West Virginia Purses Would Help Pay Comp Debt
Updated: Friday, January 28, 2005 11:53 AM
Posted: Wednesday, January 26, 2005 1:23 PM
Representatives of horsemen's groups are working in the West Virginia capital of Charleston to fend off an effort by Gov. Joe Manchin to take $5 million from purse accounts at each of the state's four racetracks to help pay off a $3-billion debt in the state workers' compensation program.
Manchin called legislators in for a special session to act on legislation related to the "the financing and funding of the long-term liability debt of the Workers' Compensation Commission," the Charleston Daily Mail
reported. Manchin has suggested $20 million come from video lottery proceeds.
West Virginia has two Thoroughbred tracks, Charles Town Races & Slots and Mountaineer Race Track and Gaming Resort, and two Greyhound tracks, Tri-State Racetrack and Entertainment Center and Wheeling Island Gaming. They all have video lottery terminals.
In West Virginia, VLTs were legalized through votes in the state legislature and the counties in which the tracks are located, not through a constitutional amendment.
Officials with the Charles Town Horsemen's Benevolent and Protective Association and Mountaineer HBPA told The Blood-Horse
they are working together to lobby against the purse reduction.
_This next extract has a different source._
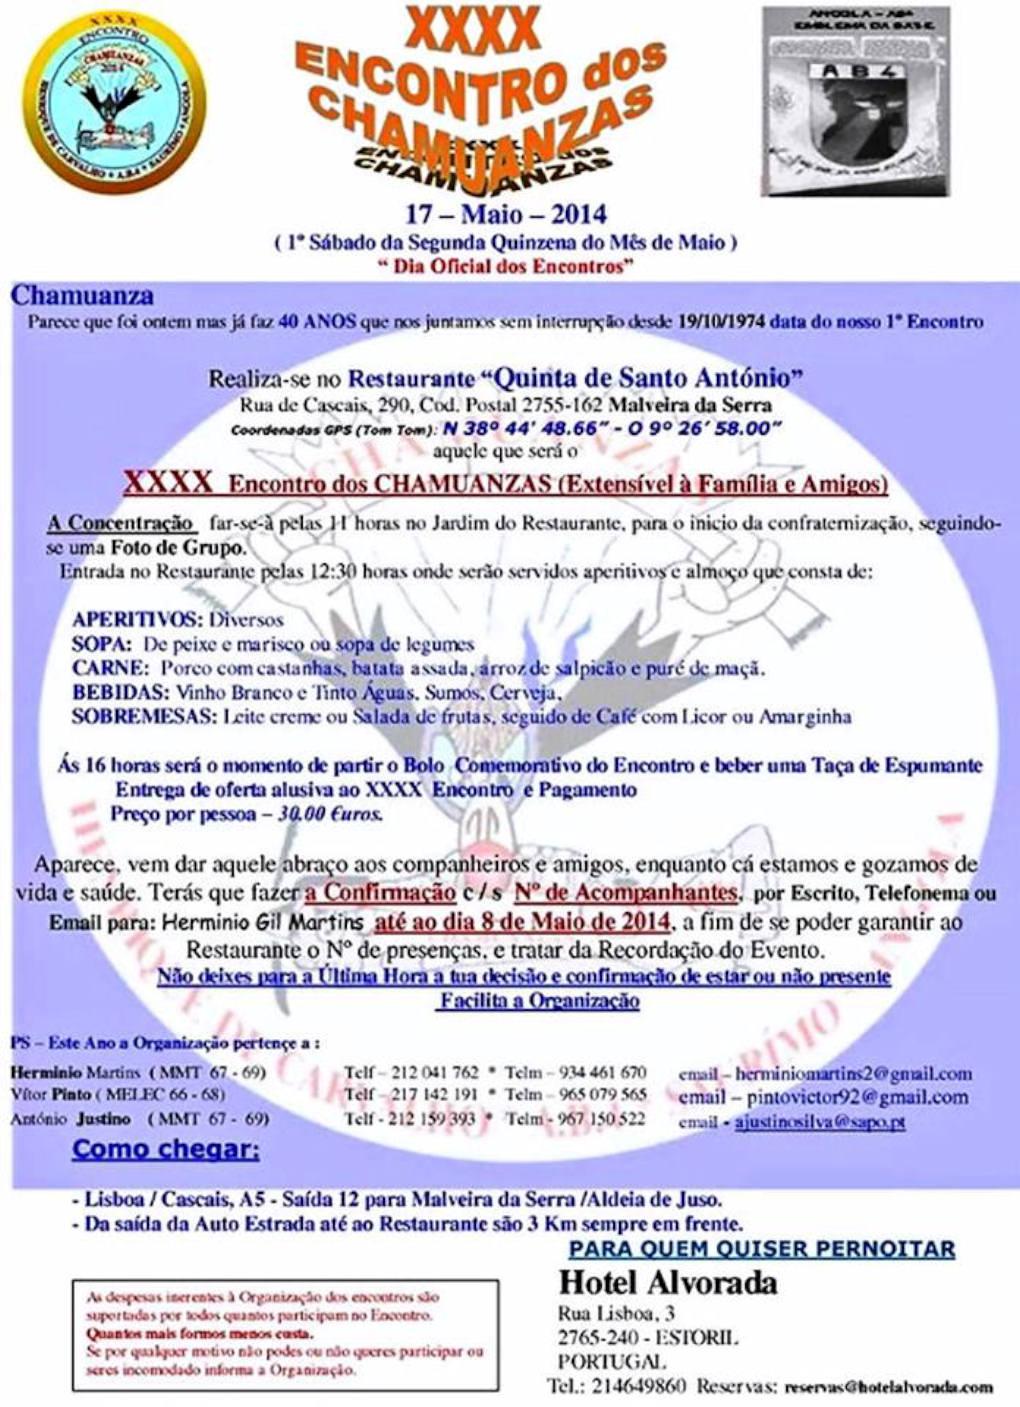 XXXX Encontro dos Chamuanzas - Aeródromo Base 4 - Malveira da Serra - 17Mai2014 Chamua10

Along with the $20 million, Manchin has proposed that $45 million come out of the fund for excess VLT revenue. That money is used for infrastructure improvements in the state, according to reports.
Currently, there is no public plan to ask the racetracks to contribute a portion of their VLT revenue. Horsemen have suggested the state allow casino-style table games at the tracks to generate more revenue that could be used to help pay down the workers' compensation debt.
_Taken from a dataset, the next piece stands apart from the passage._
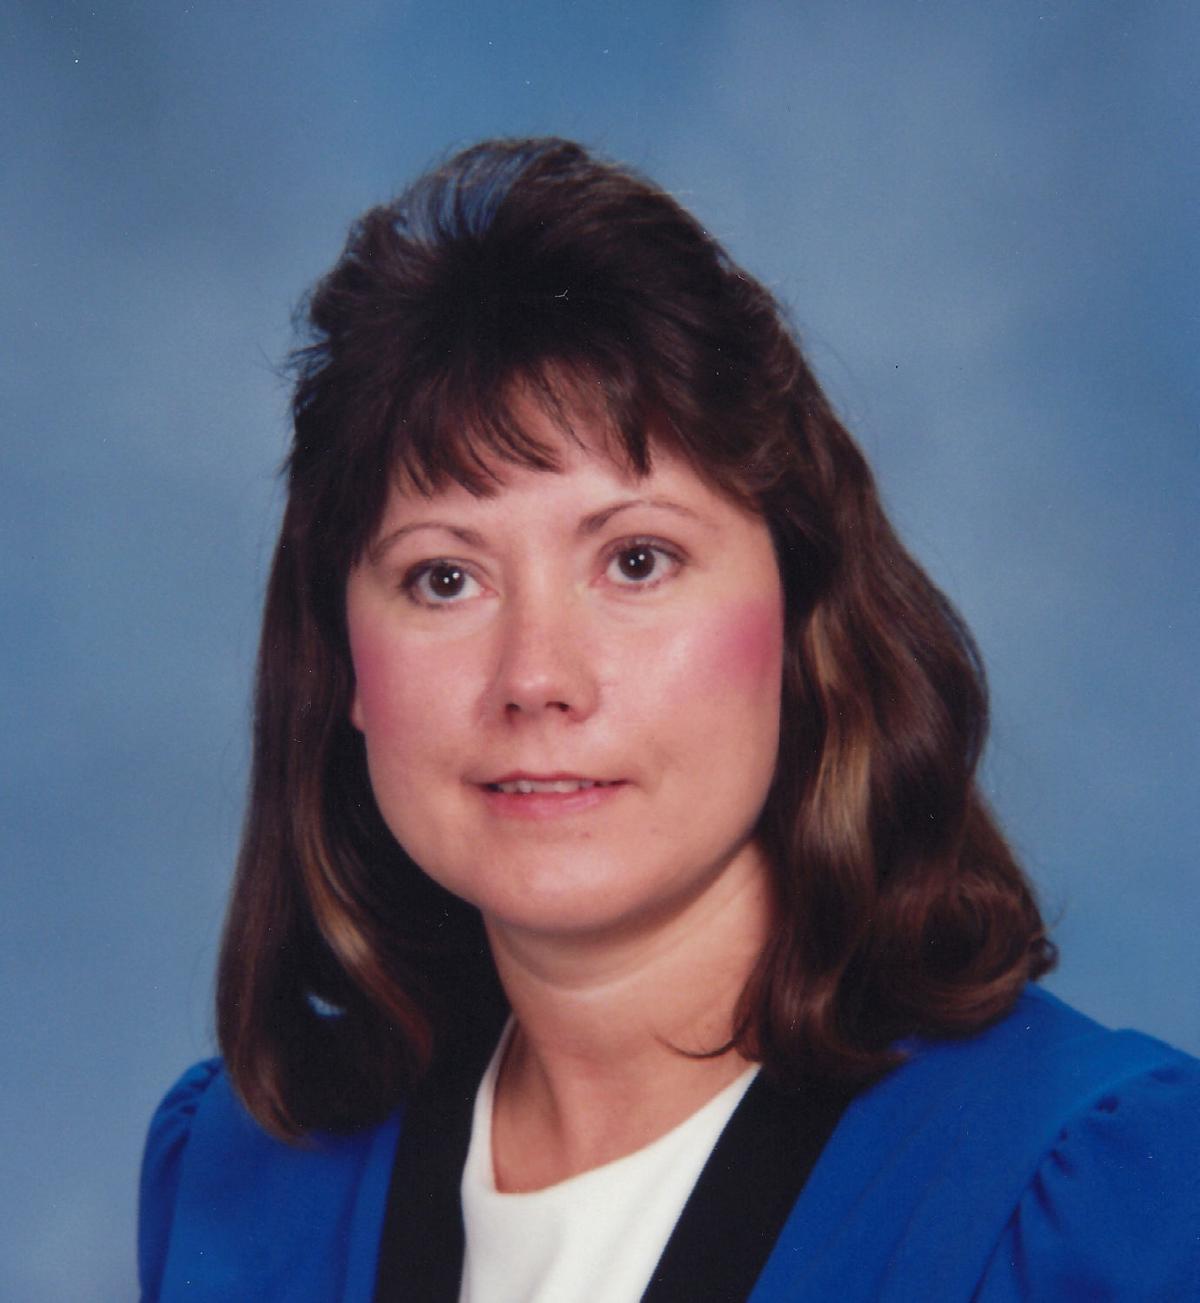 Jeanna Gail Balch

On Jan. 26, a top official in the West Virginia coal industry withdrew his support for the workers' comp proposal. The coal industry would contribute about $90 million a year under Manchin's plan.
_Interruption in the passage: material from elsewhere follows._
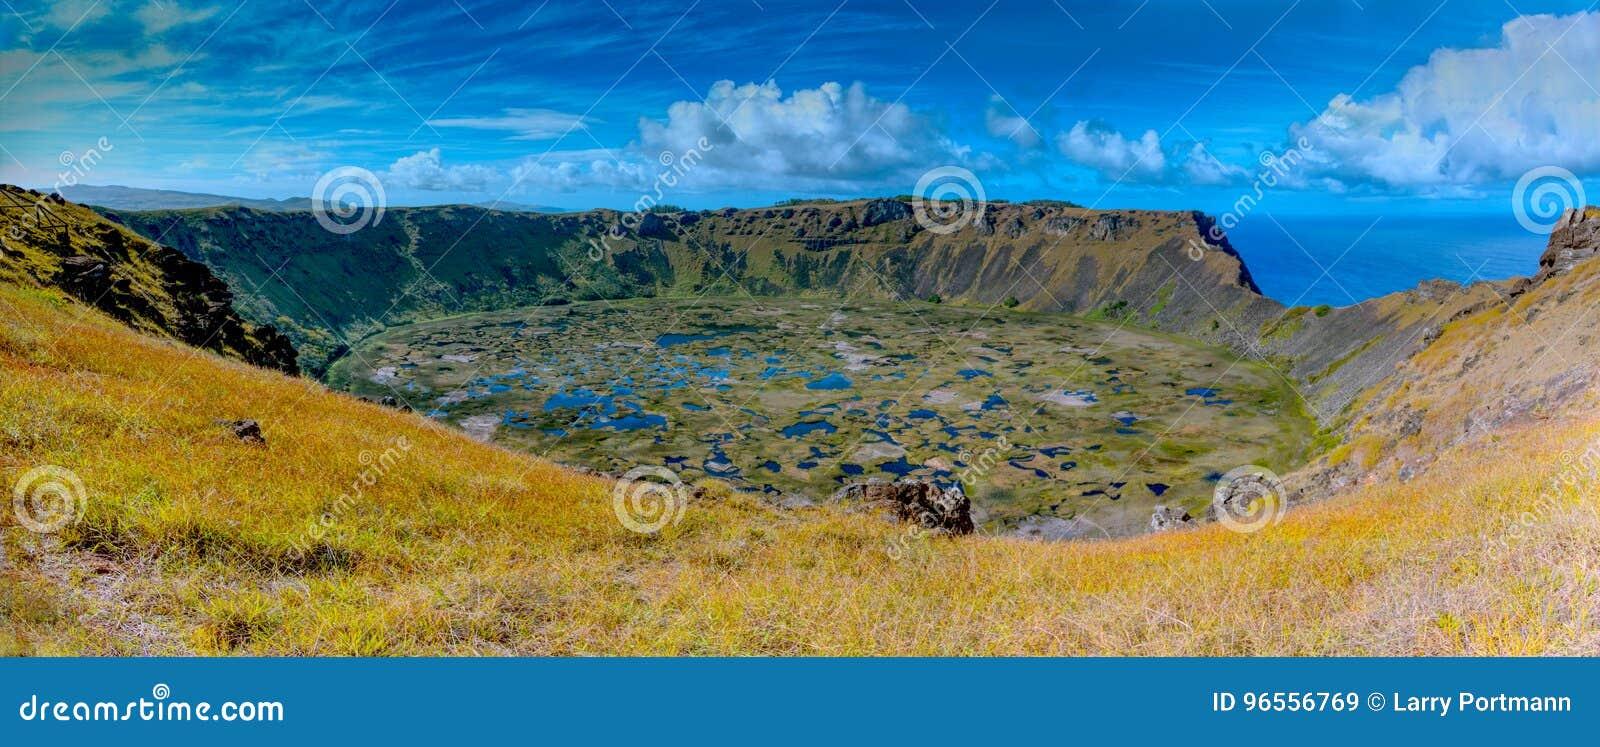 Кратер Kau Ranu на острове пасхи Место всемирного наследия национального парка Rapa Nui

Though purses at Charles Town and Mountaineer have increased dramatically since the late 1990s--the 2003 daily averages were $140,000 and $175,000, respectively--the tracks didn't make the top 10 in daily average purses for the year. They were toward the bottom of the top 10 in total purses for the year.
Dog racing purses are calculated in a different fashion, but the two West Virginia tracks are believed to be among the top in the nation in purses paid.